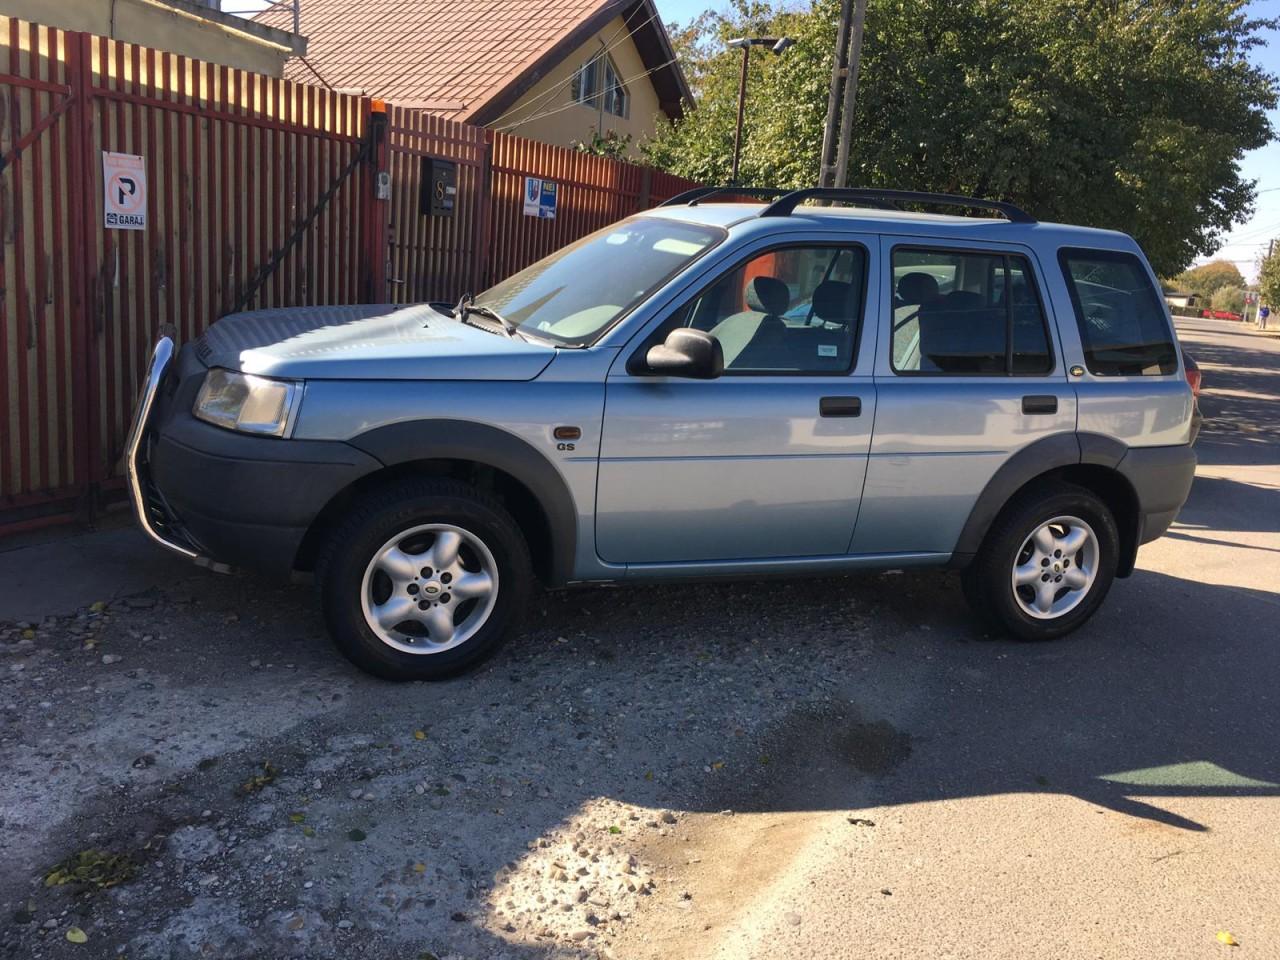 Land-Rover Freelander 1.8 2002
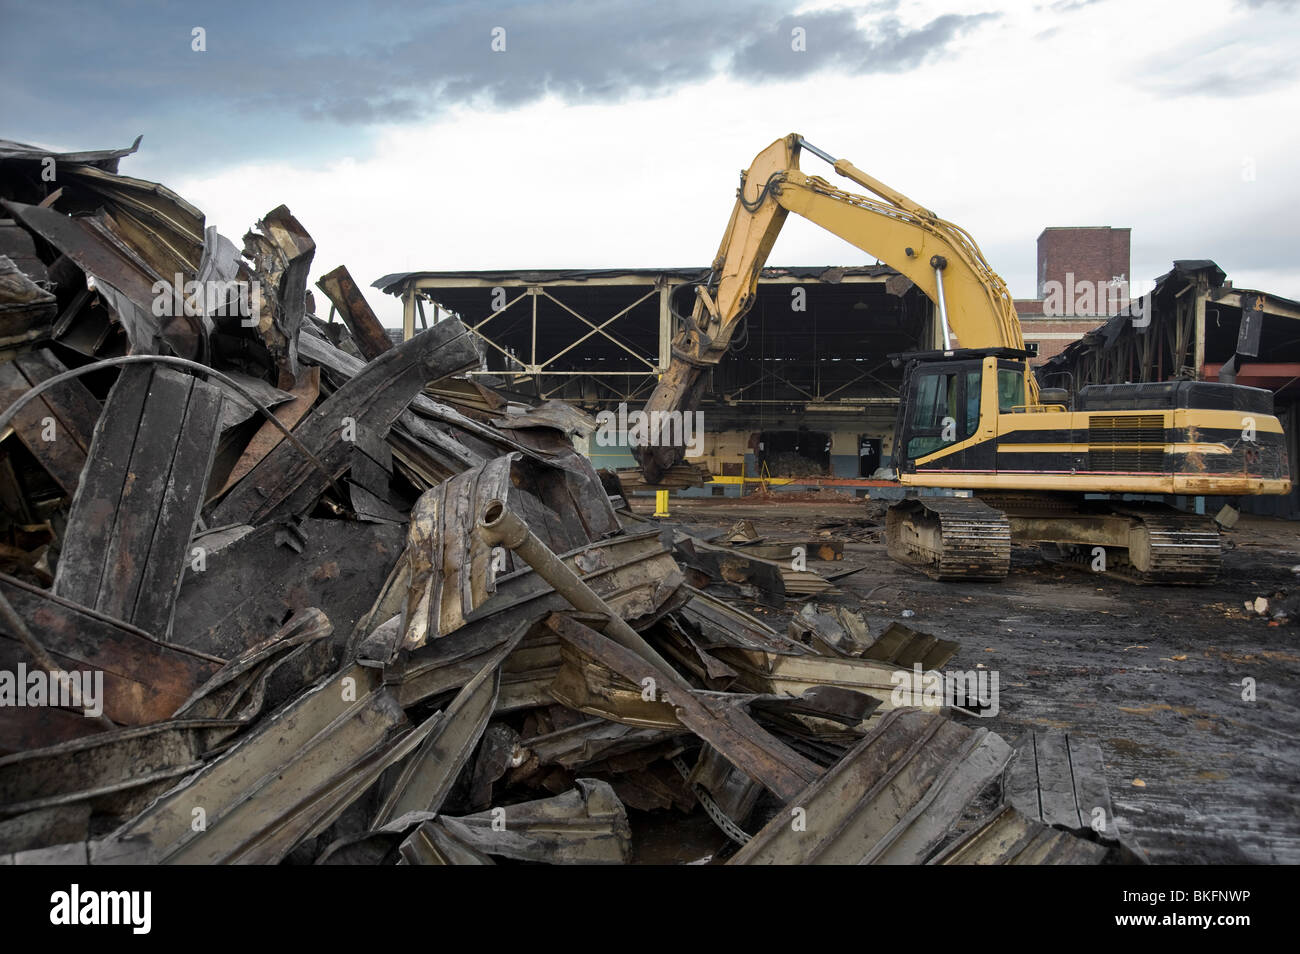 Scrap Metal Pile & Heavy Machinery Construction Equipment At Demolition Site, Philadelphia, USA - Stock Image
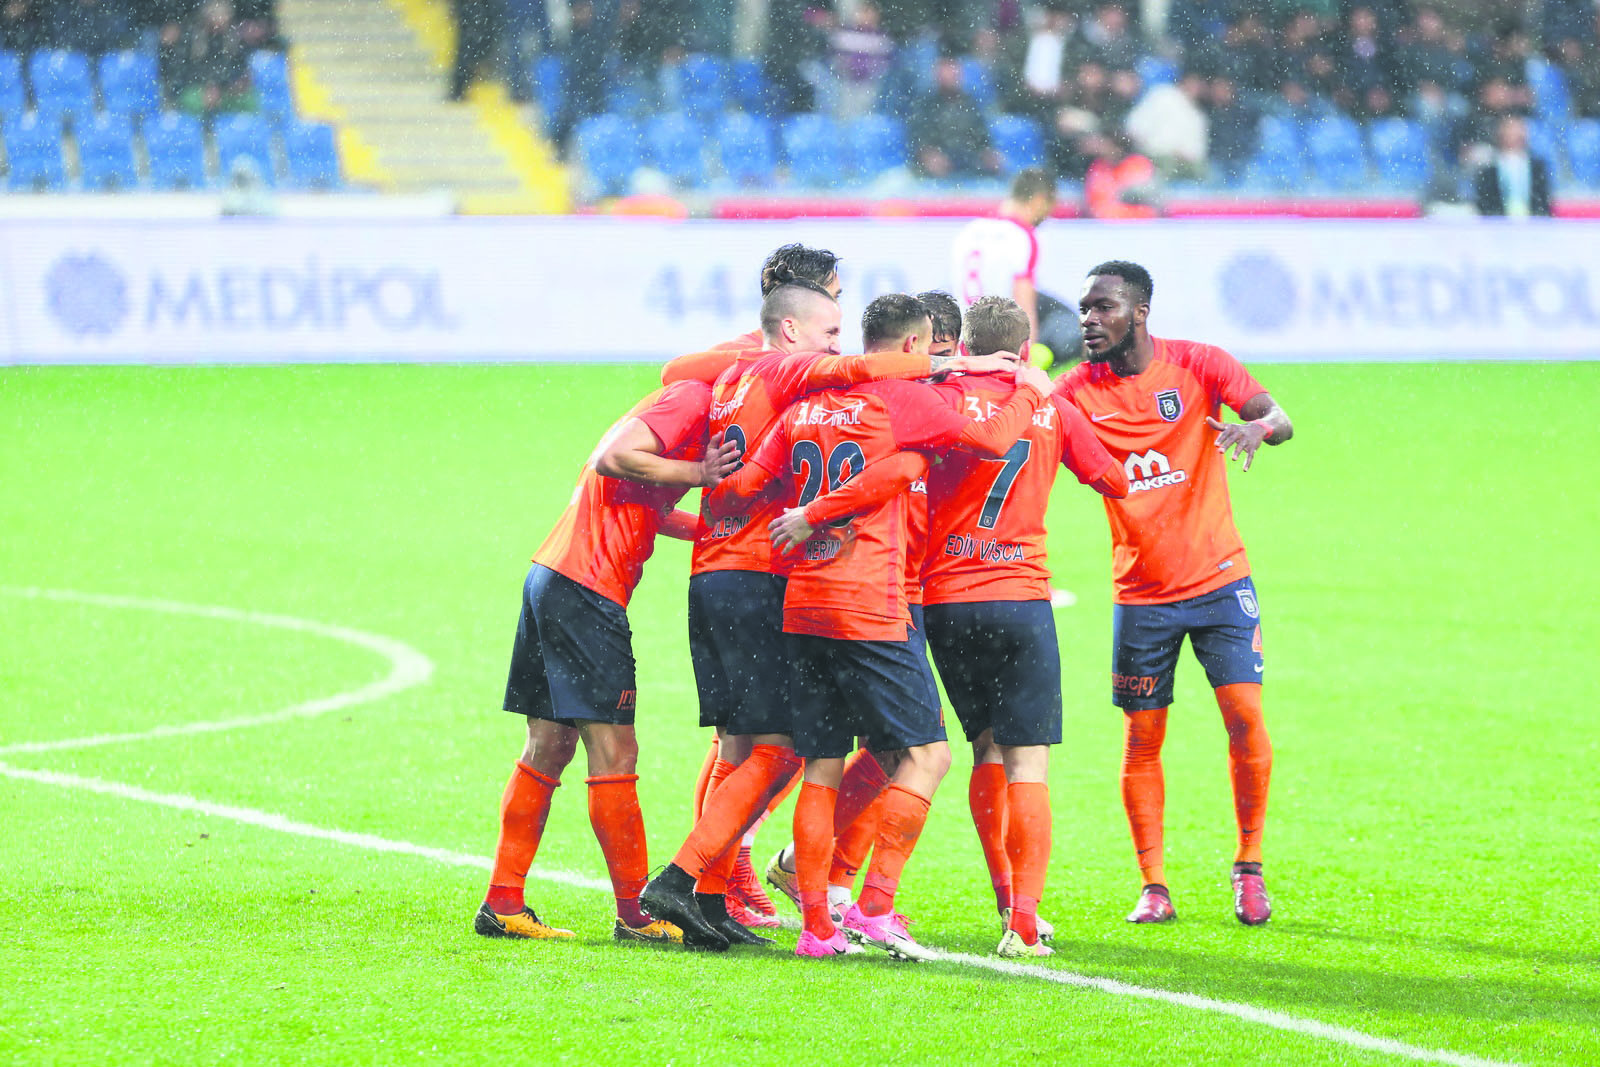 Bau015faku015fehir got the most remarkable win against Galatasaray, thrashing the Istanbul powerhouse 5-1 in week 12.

----------

§ Your goal: An exact transcription of the listing is required, and it must contain no pictures.

§ Exercise solution:
 Land-Rover Freelander 1.8 2002
 Scrap Metal Pile & Heavy Machinery Construction Equipment At Demolition Site, Philadelphia, USA - Stock Image
 Bau015faku015fehir got the most remarkable win against Galatasaray, thrashing the Istanbul powerhouse 5-1 in week 12.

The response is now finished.